-- Task instructions --
Output all the data exactly. Pictures do not belong in the copy.

-- Supplied data --
=== Begin Enclosure ===

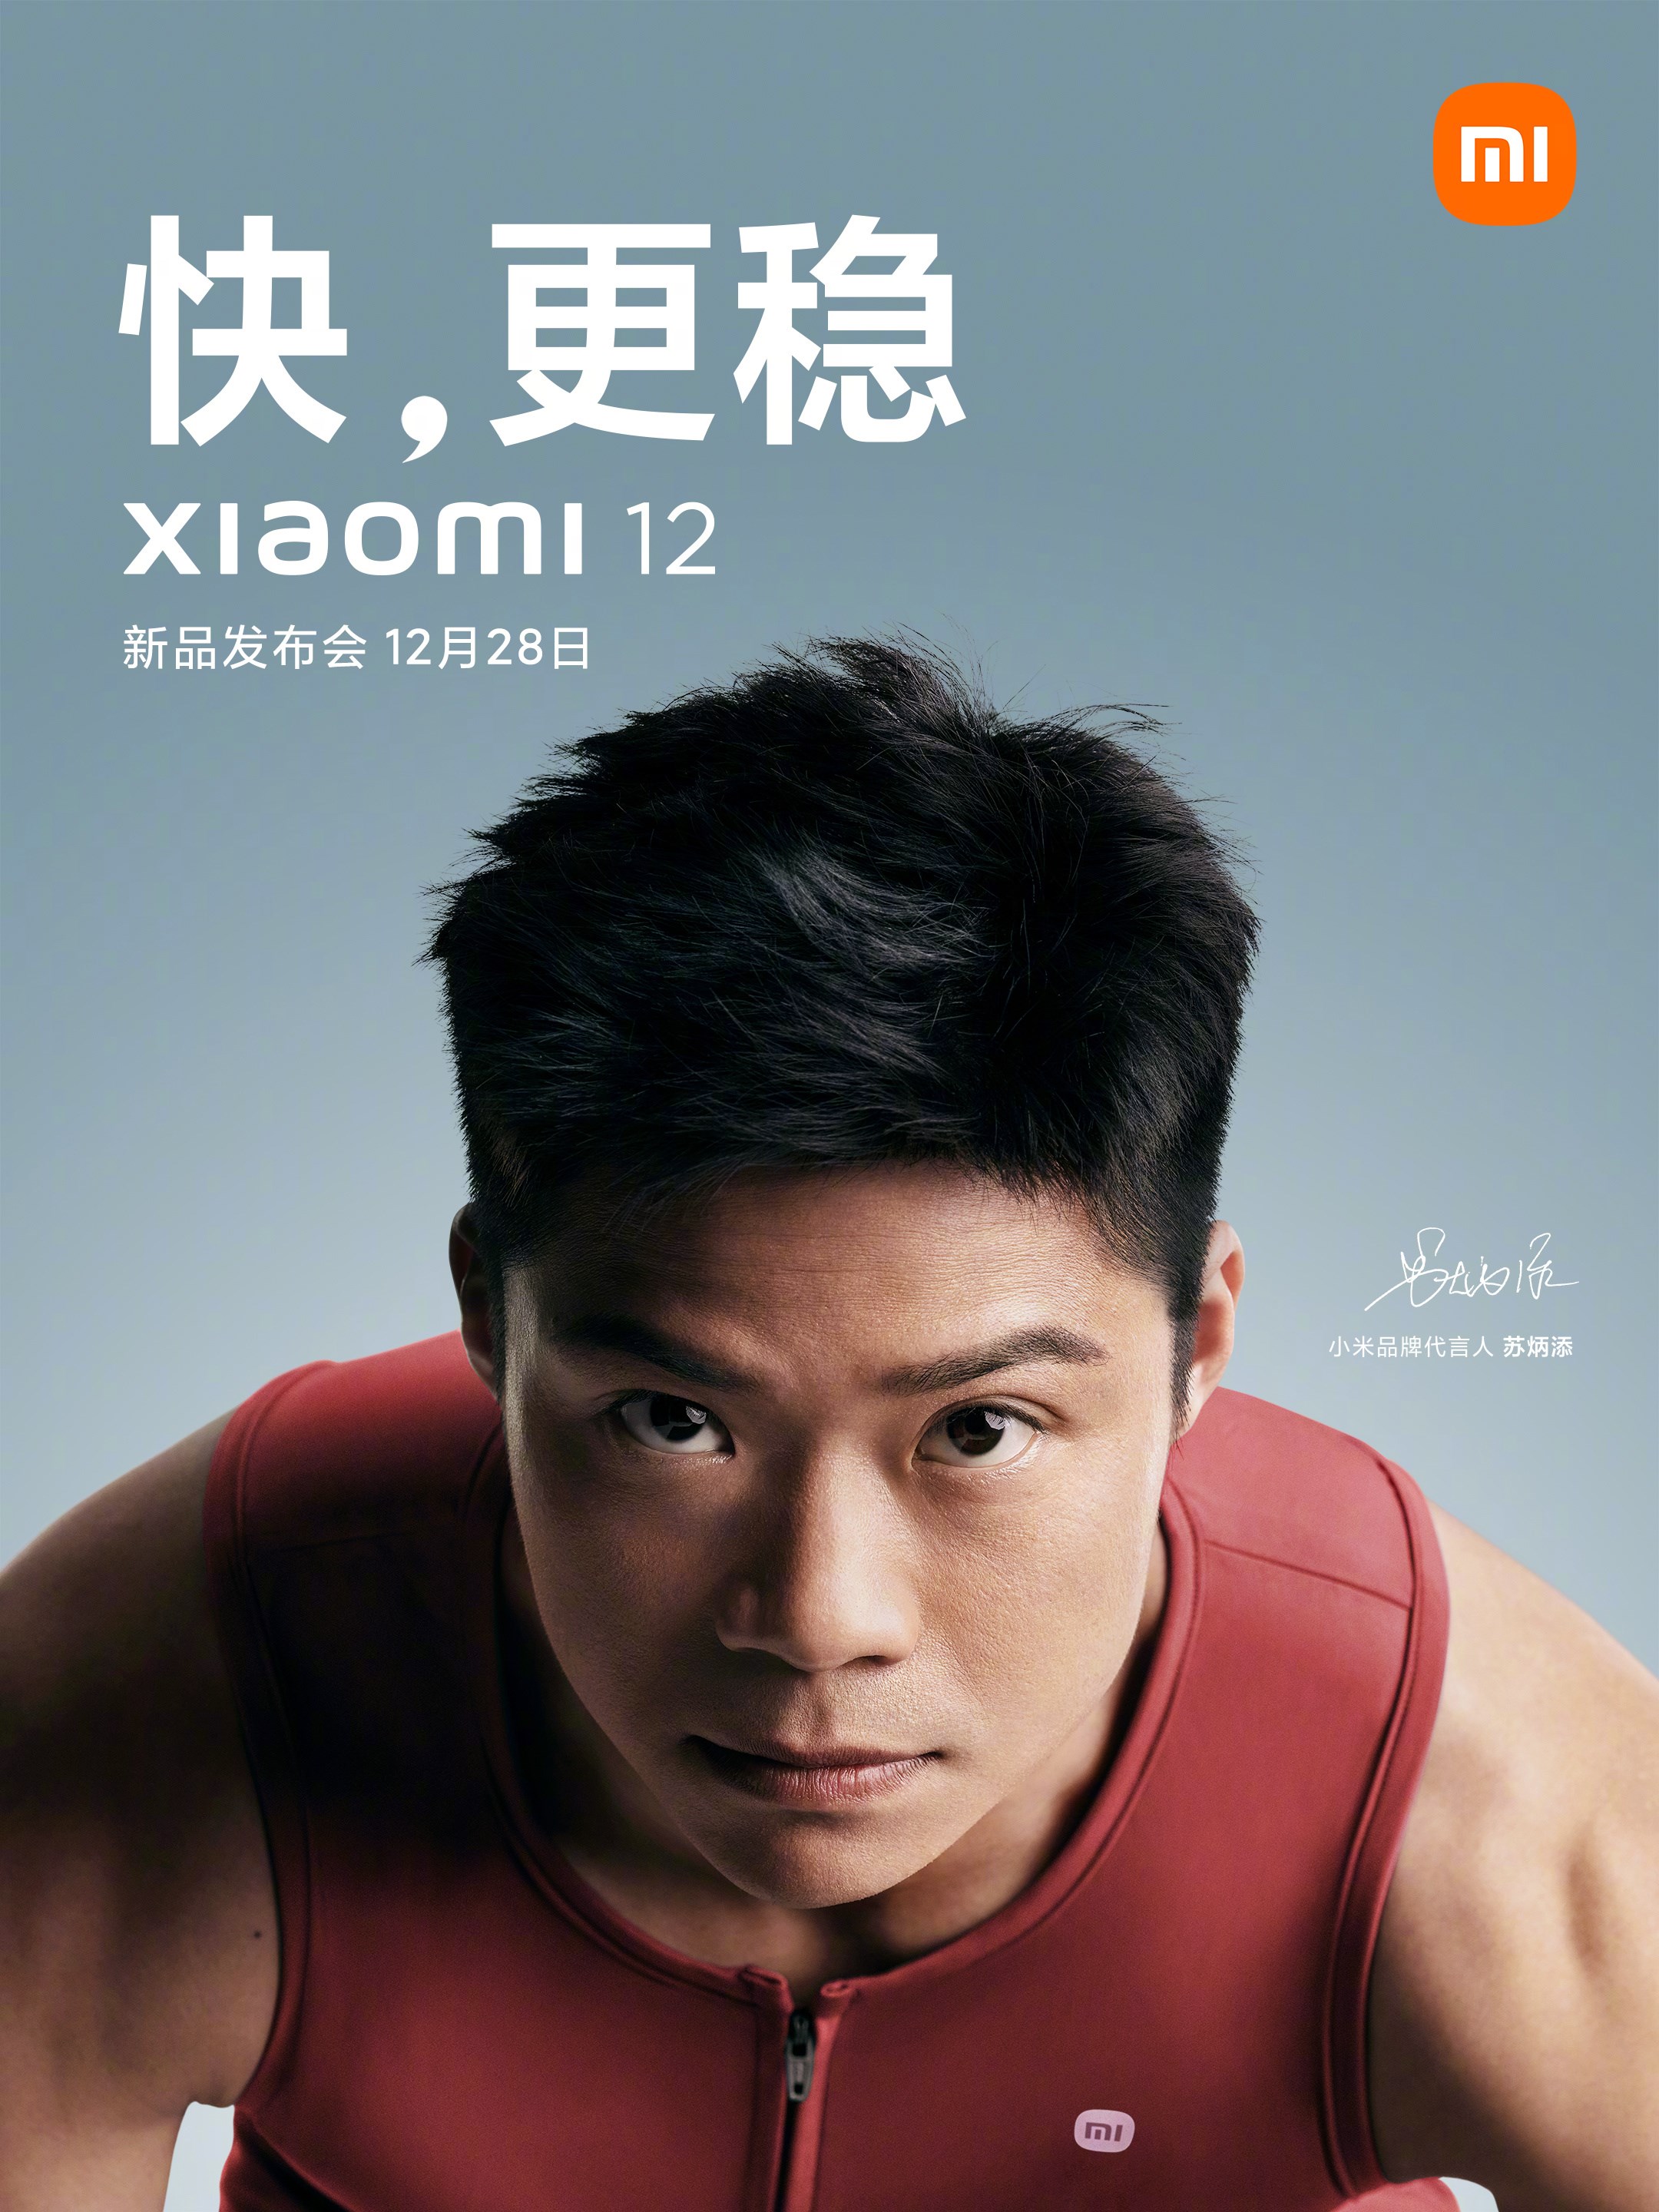 Xiaomi 12'nin tanıtım tarihi resmen açıklandı
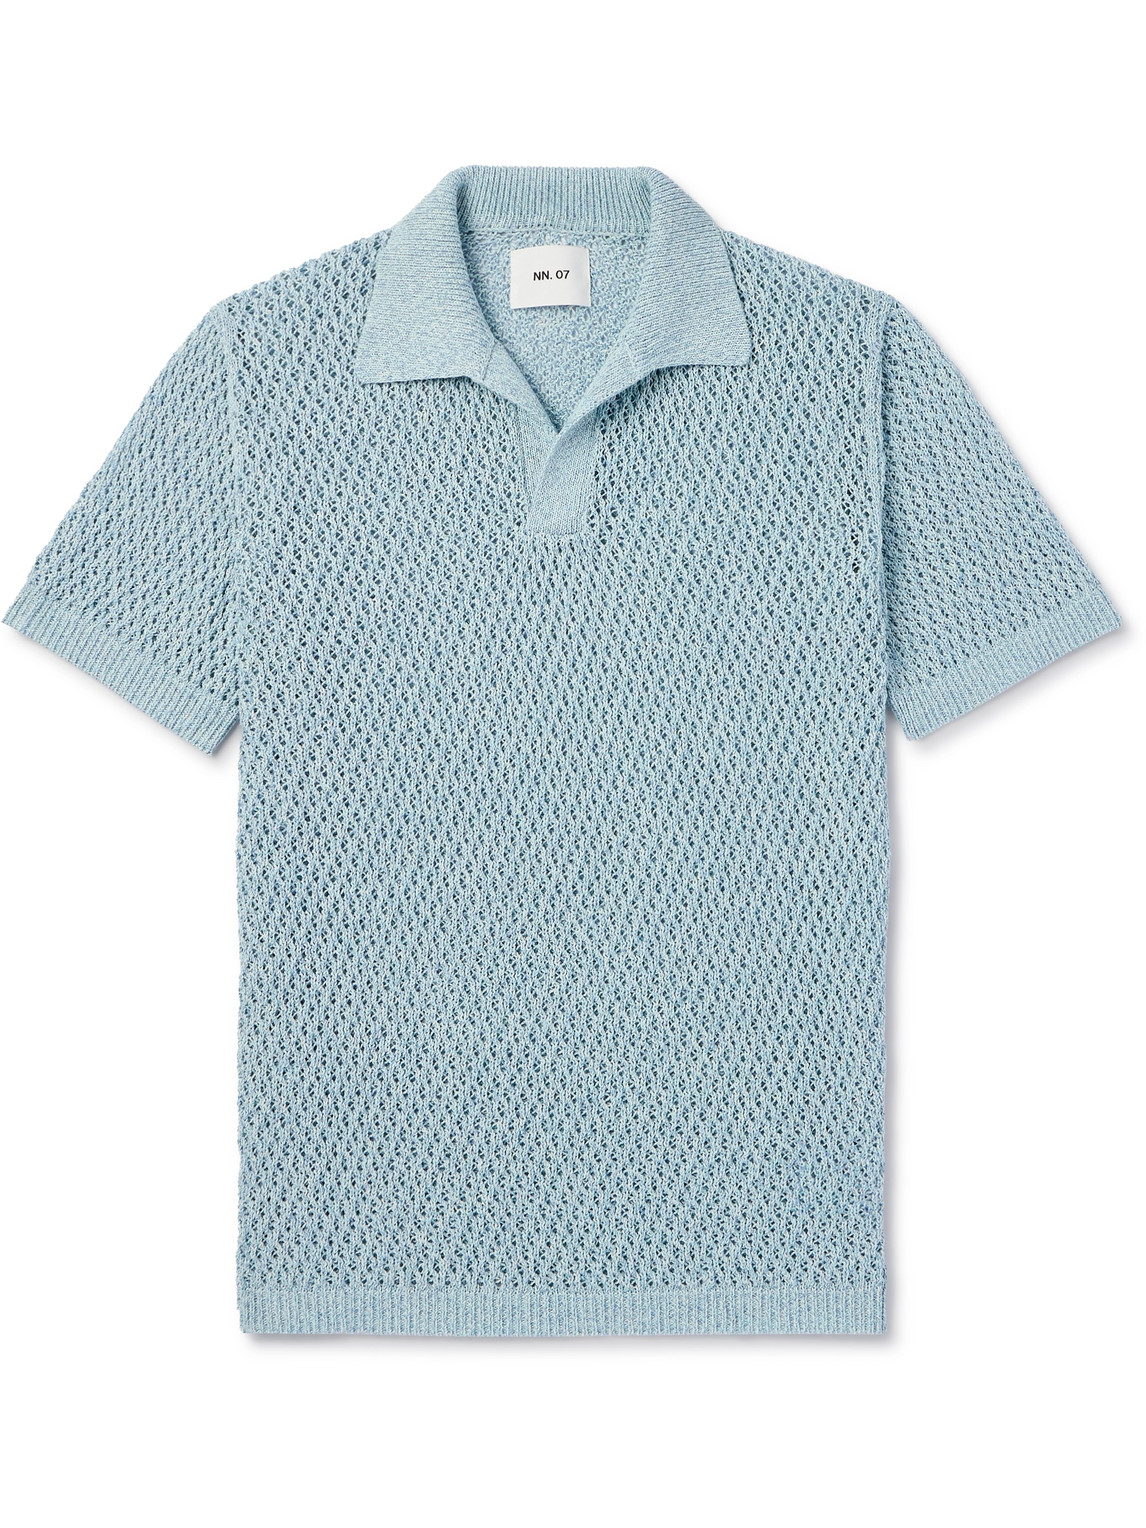 Ryan 6632 Open-Knit Cotton-Blend Polo Shirt
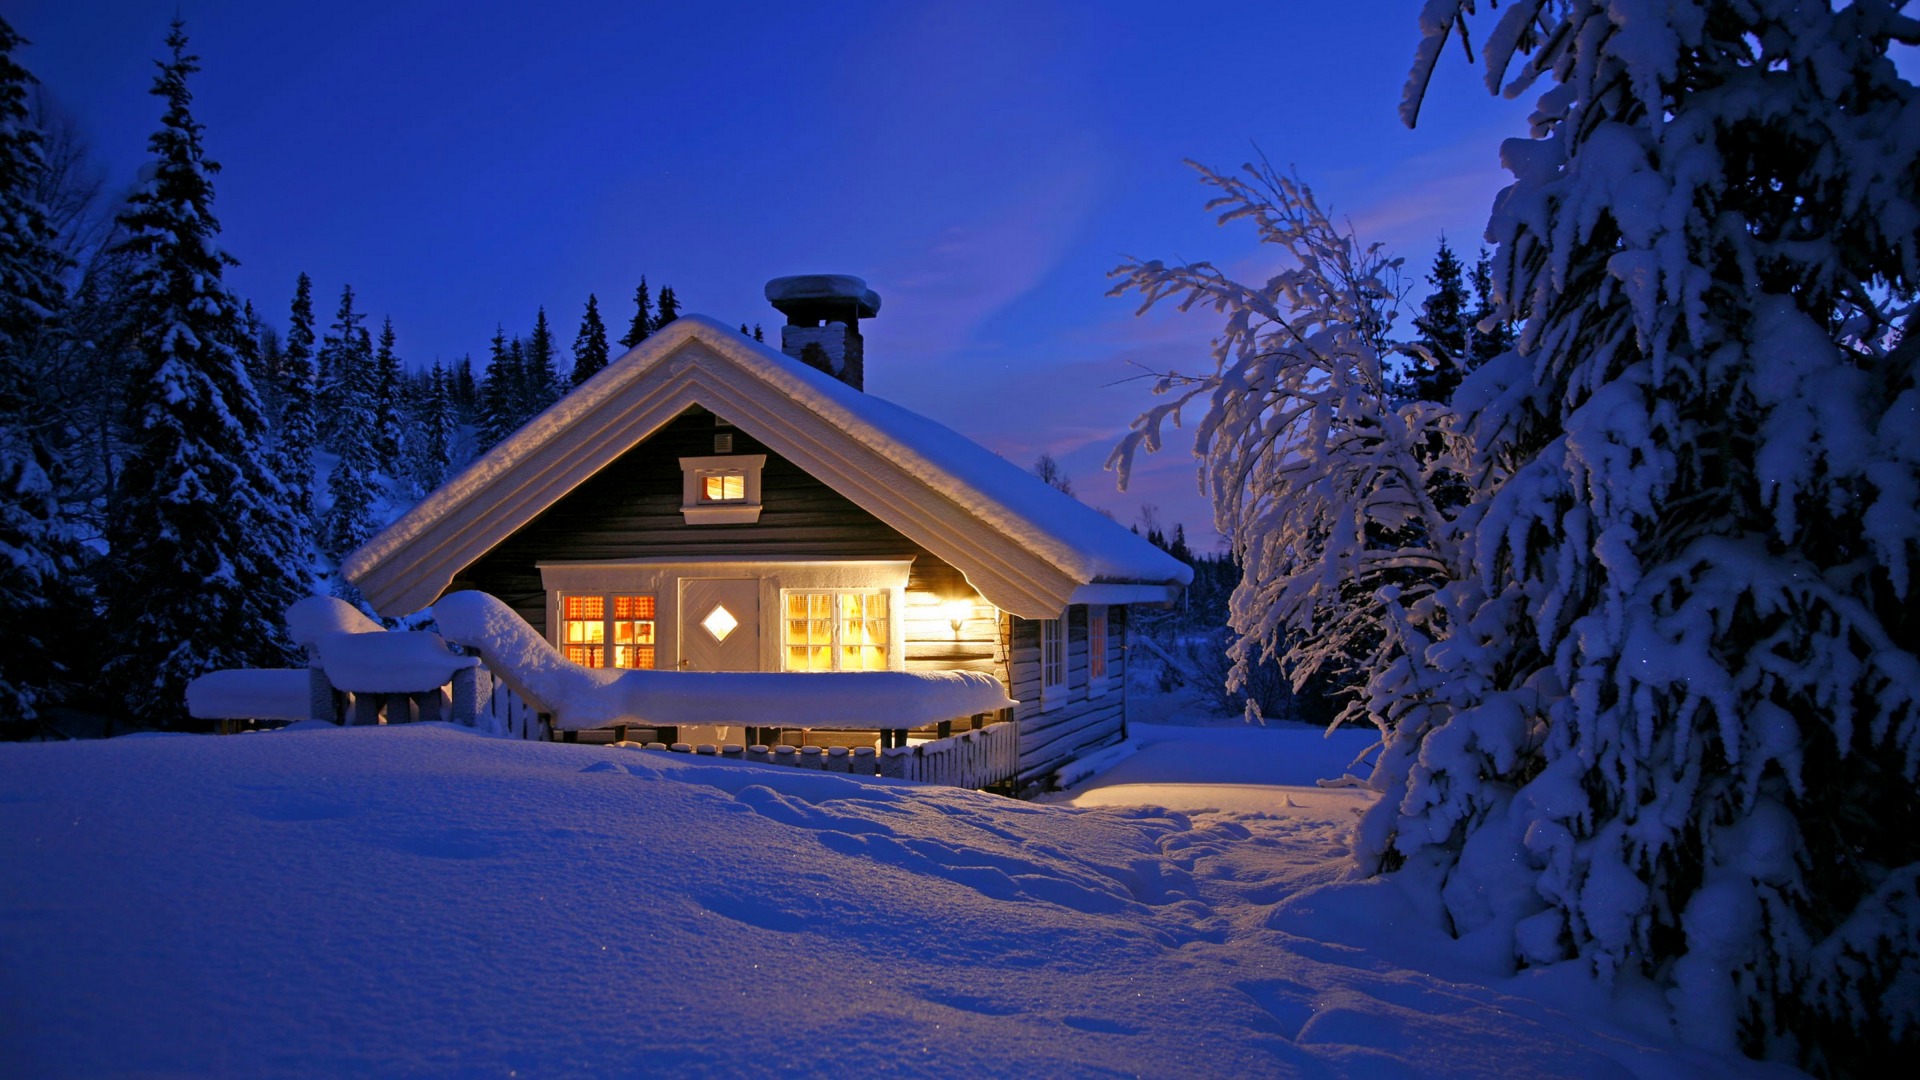 冬天,雪,房子,森林,天空,宁静,风景桌面壁纸

=== End Enclosure ===

-- Task result --
 Xiaomi 12'nin tanıtım tarihi resmen açıklandı
 Ryan 6632 Open-Knit Cotton-Blend Polo Shirt
 冬天,雪,房子,森林,天空,宁静,风景桌面壁纸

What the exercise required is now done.